Some of the uncovered lures are contained in a .RAR archive exploiting the CVE-2023-38831 vulnerability, others use DLL-hijacking to run Headlace.
Headlace is a multi-component malware including a dropper, a VBS launcher and a backdoor using MSEdge in headless mode to continuously download secondary payloads, likely to exfiltrate credentials and sensitive information.
Russian influence and cyber operations adapt for long haul and exploit war fatigue
Clint Watts provides an insight on how some aspects of our economy and society can be weaponised in information operations. Makes the time I got Spike from Buffy and Riker to wish happy birthday to my wife seem pedestrian by comparison.
Since July 2023, Russia-aligned influence actors have tricked celebrities into providing video messages that were then used in pro-Russian propaganda. These videos were then manipulated to falsely paint Ukrainian President Volodymyr Zelensky as a drug addict. This is one of the insights in the latest biannual report on Russian digital threats “Russian Threat Actors Dig In, Prepare to Seize on War Fatigue”

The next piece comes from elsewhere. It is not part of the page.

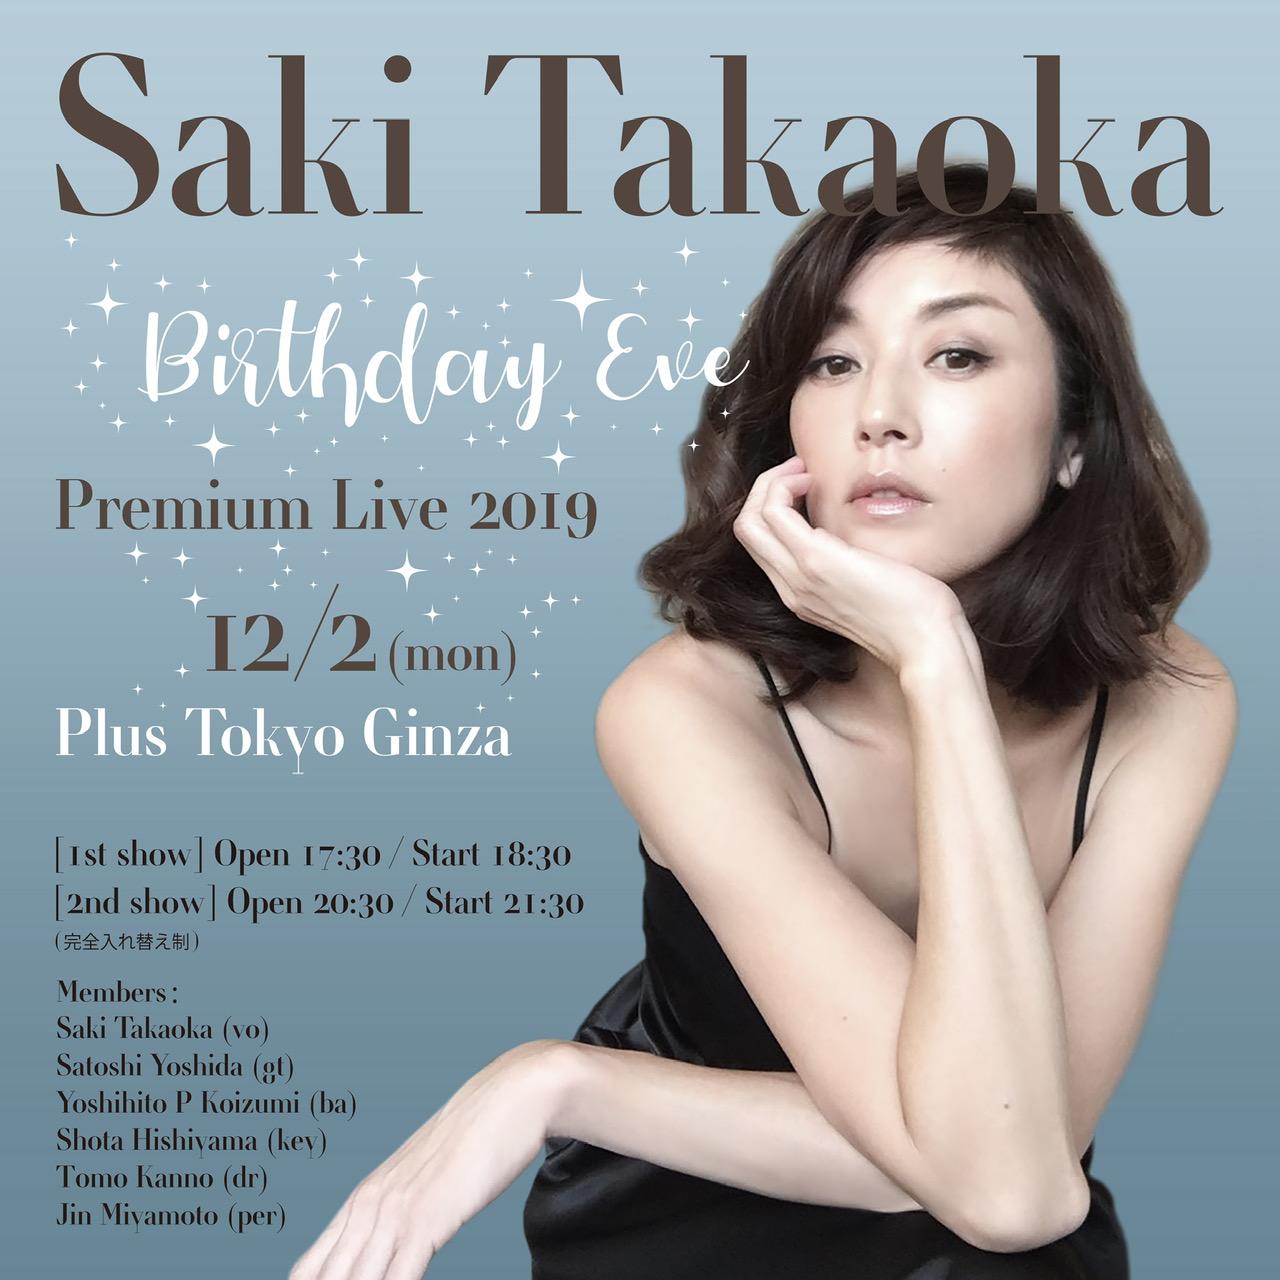 高岡早紀 Birthday Eve Premium Live 2019:1st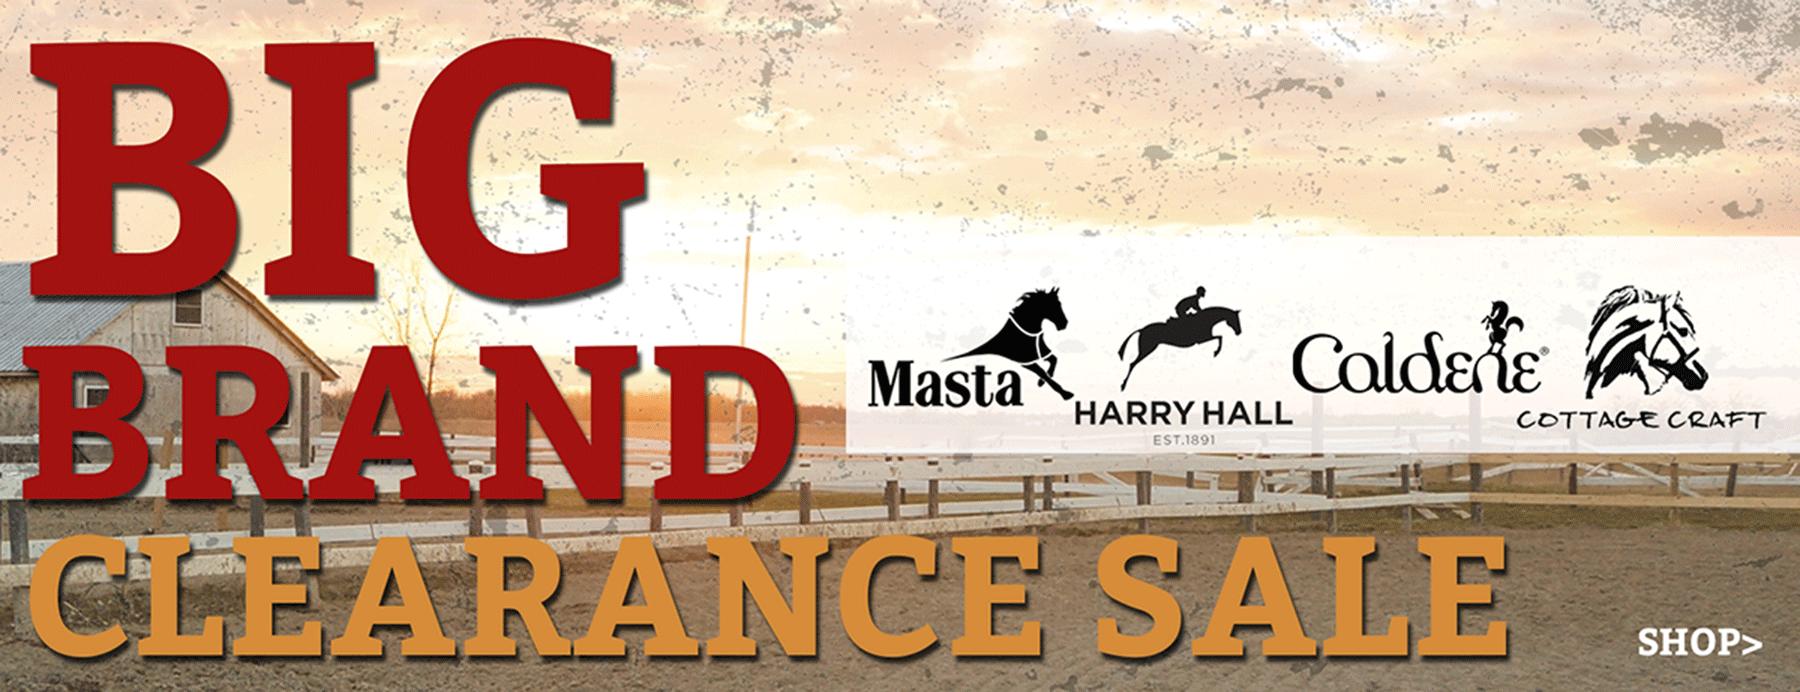 Big Brand Clearance Sale

As described in more detail in the report, this campaign aligns with the Russian government’s broader strategic efforts during the period from March to October 2023, across cyber and influence operations (IO), to stall Ukrainian military advances and diminish support for Kyiv.
Ukraine's top mobile operator hit by biggest cyberattack of war so far
High-level press reporting here from Reuters. Gives validation on why the UK passed the Telecommunications Security Act to ensure separation of the management plain to privileged access workstations.
Kyivstar's IT systems 'partially destroyed'
CEO says attack connected to war with Russia
Cellular and internet connections down
Ukraine investigating possibility of Russian state involvement
Ukrainian intelligence attacks and paralyses Russia’s tax system
Quote from the Ukraine government:
During the special operation, military spies managed to break into one of the well-protected key central servers of the Federal Taxation Service (FTS of the Russian Federation), and then into more than 2,300 of its regional servers throughout Russia, as well as on the territory of temporarily occupied Crimea.
As a result of the cyberattack, all servers were infected with malware...
The Russians have been unsuccessfully trying to restore the work of the Russian tax authorities for the fourth day in a row. The experts say the paralysis in the work of the Federal Taxation Service of the Russian Federation will last at least a month. At the same time, resuscitation of the tax system of the aggressor state in full is impossible.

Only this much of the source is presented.